有効求人倍率「バブル超え」と言われても「実感わかない」 高倍率は介護や接客ばかり、労働人口が減っているだけ?
厚労省は5月30日、4月の有効求人倍率を発表した。4月の有効求人倍率は1.48倍と、バブル期の1990年7月の1.46倍を超えて過去最高を記録。しかし、「なんかおかしくない?」「全然そんな感じはしないけどなあ」など、生活実態と数値の間に開きを感じている人も少なくない。
バブル期として挙げられた1990年7月の都道府県別有効求人倍率を見てみると、倍率が1倍を下回っている都道府県が6つあるが、今回倍率が1未満の都道府県は無い。であれば、景気が良くなっていると考えたいが、法人税の収入推移を見ると、そうも言えなさそうだ。
ハローワークの求人も非正規ばかりの現状
1990年7月に有効求人倍率が1未満だったのは北海道、青森、高知、福岡、鹿児島、沖縄。しかし、2016年度の法人税収入が上がったのは沖縄県のみで、他は大幅に下がっている。

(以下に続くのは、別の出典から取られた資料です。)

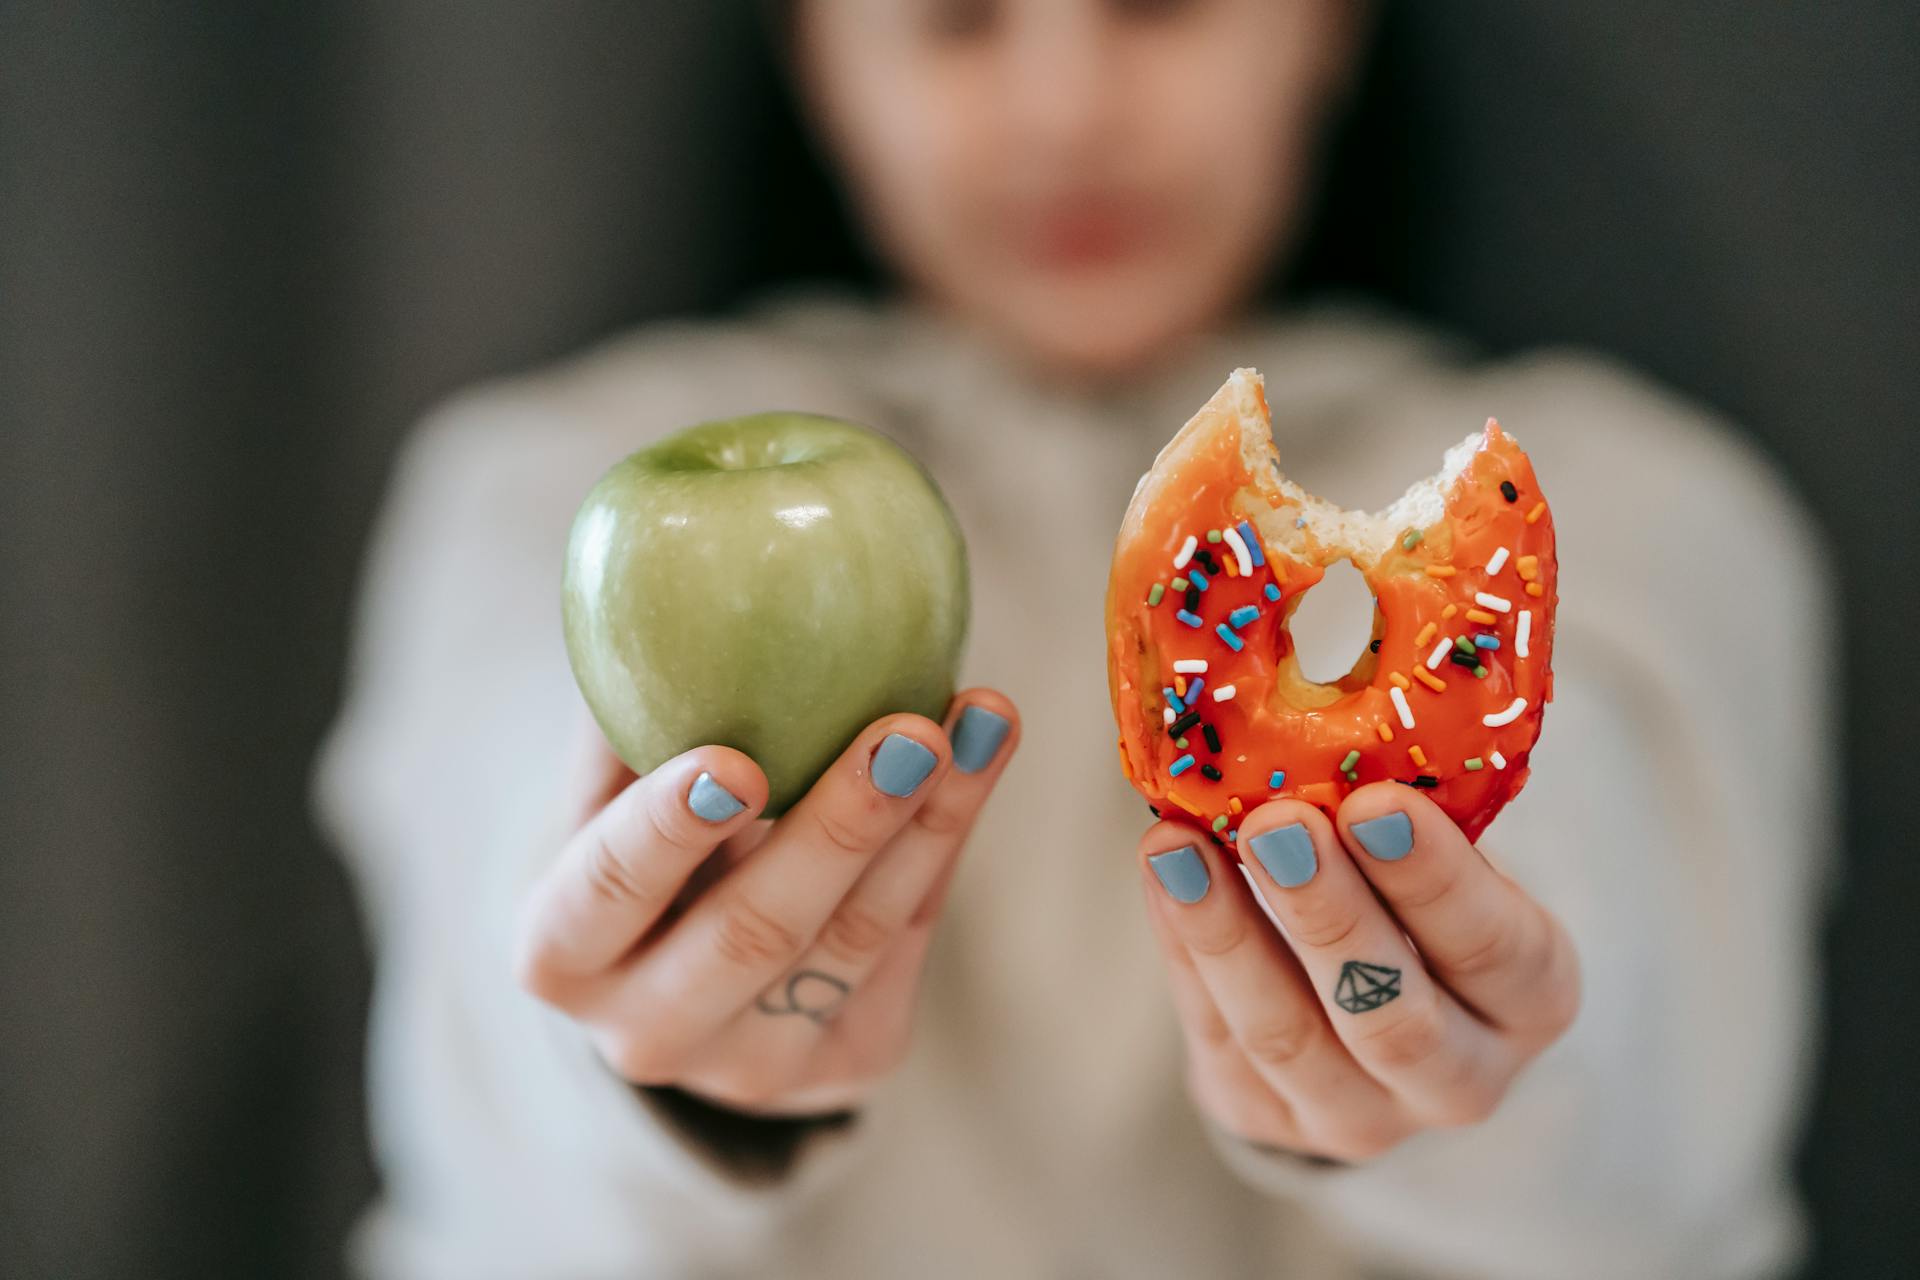 Une personne montre une pomme et un donuts pour comparer leurs valeurs nutritionnelles.

北海道を例に挙げると、当時約3214億円だった法人税収入は、2016年には1928億円程度と、1000億円以上減少した。企業の人手不足は好景気のためではなく、単純に労働人口の減少が原因の可能性が高い。
また、求人件数が増えても、実際に就職した数は先月より減っている。3月の就職件数は19万6790件だったが、4月は5.9%減って16万4258件だった。
「あるのは非正規の求人ばかりで正社員はない」という声もある。有効求人倍率の元となる「一般職業紹介」の統計で雇用形態の区別をつけ始めたのが2004年のため、バブル期と現在の求人を比べ、雇用形態にどの程度の違いがあるのか探ることは出来ない。
ただ、正社員に限定してハローワークの求人を検索すると求人件数が大幅に減ることからも、非正規雇用の求人の多さは推察できる。
職種の偏りも指摘されている。新規求人が増えたのは、運輸業・郵便業(8.3%増)、製造業(7.9%増)、建設業(6.9%増)、生活関連サービス業・娯楽業(6.1%増)、サービス業(他に分類されないもの)(5.7%増)だった。
仕事の負荷が高く、離職率の高い業界の倍率の上昇が顕著
事務的職業の倍率に注目すると、全体では0.4倍と、依然として1倍には満たない。一般事務は0.31倍だ。一方でサービス業は、家庭生活支援サービスが3.44倍、介護サービスが3.13倍、接客・給仕は3.73倍と、どれも3倍を超えている。また、建築・掘削の職業に目をやると、建設躯体工事の8.35倍という数字が目に入る。これは今回発表された職業別倍率の中で最も高い。
倍率が高くなるのは、介護や接客、建築など、仕事の負荷が高く、離職率も高いと言われる業界のようだ。労働環境の辛さで辞める人が増え、それに伴って求人数が増えたと言われても、生活が向上している実感は持ちにくい。
求職者が働きたい職種と求人倍率が高い職種とのずれが、「バブル期並み」と言われても実感できない原因かもしれない。